Genus of flowering plants

Adelinia grandis, previously known as Cynoglossum grande, is a species of flowering plant commonly known as hound's tongue in the borage family. It is the only species in the genus Adelinia.

Producing panicles of blue flowers, the species is native to western North America and was used medicinally by Native Americans to treat burns and stomach aches.

== Description ==
It is a perennial herb producing an erect stem up to 80 cm tall from a taproot. The leaves are mostly located around the base of the plant, each with an oval blade up to 15 cm long held on a petiole, which near the base are also up to 15 cm long.

The inflorescence is a panicle of flowers on individual pedicels. Each five-lobed flower is bright to deep blue with white appendages at the center. It is 1 to 1.5 cm wide. The fruit is an array of four slightly bristly nutlets.

== Etymology ==
The genus name of Adelinia honours Adeline Etta Cohen (b. 2014), daughter of American botanist James I. Cohen, who described the plant.

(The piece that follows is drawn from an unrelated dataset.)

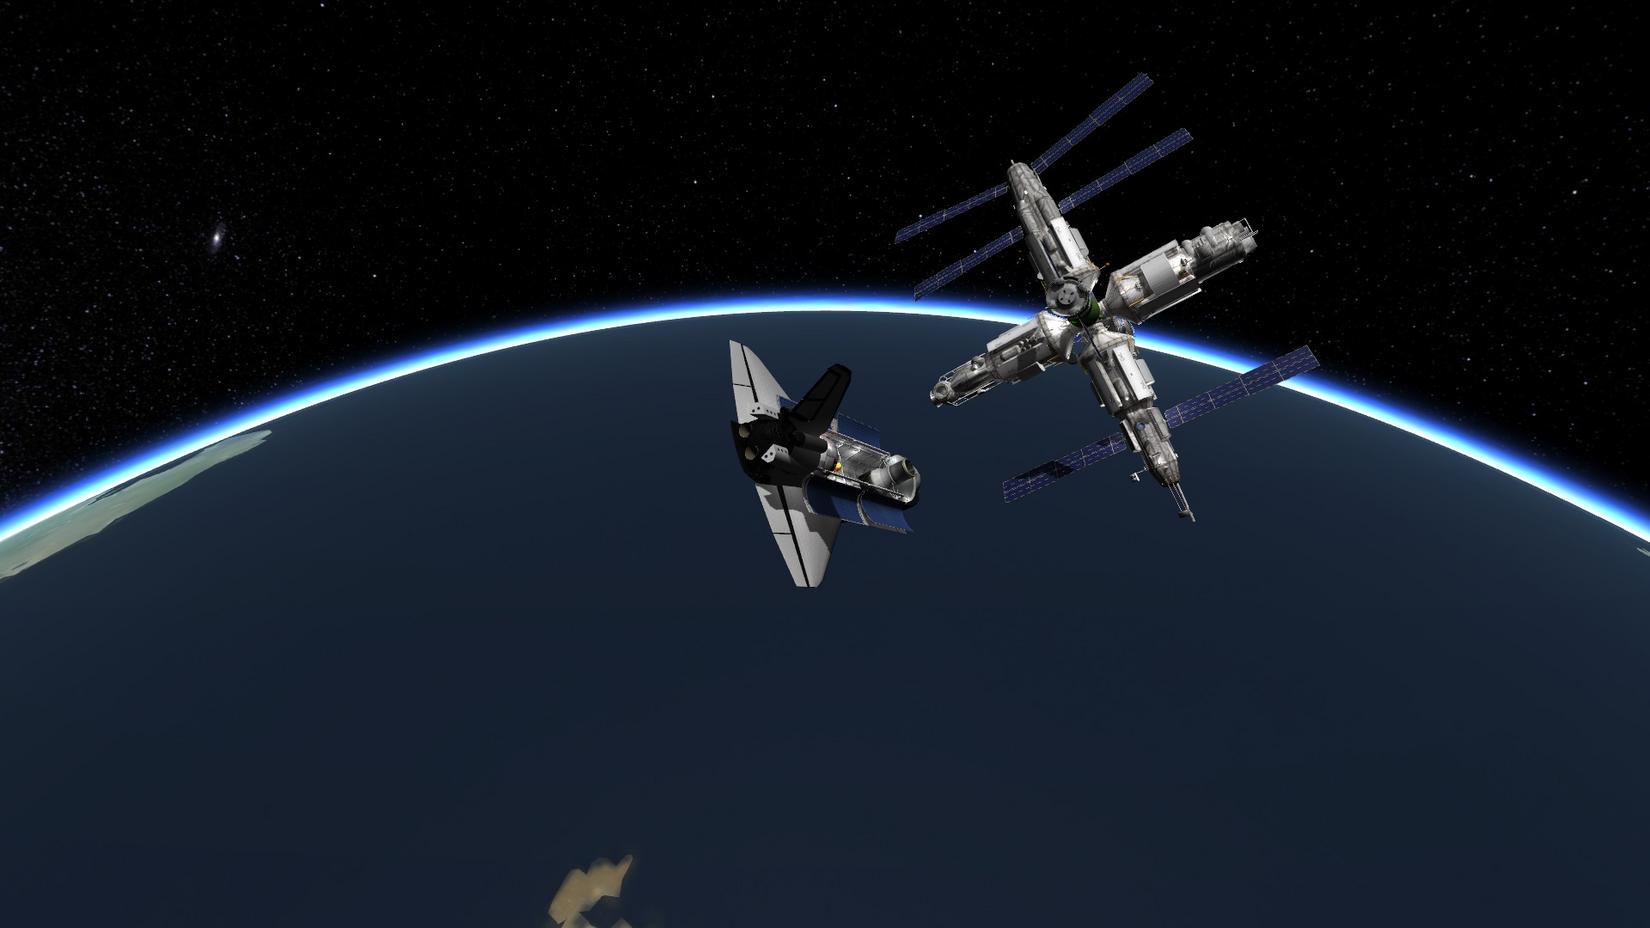 ksp space station mir - photo #3

== Distribution and habitat ==
The species is native to western North America from British Columbia to California, where it grows in shady areas in woodland and chaparral. On the forest floor of California oak woodlands typical plant associates are Calochortus amabilis, C. luteus, and Delphinium variegatum.

==Uses==
Native Americans made a preparation of the roots to treat burns and stomach aches.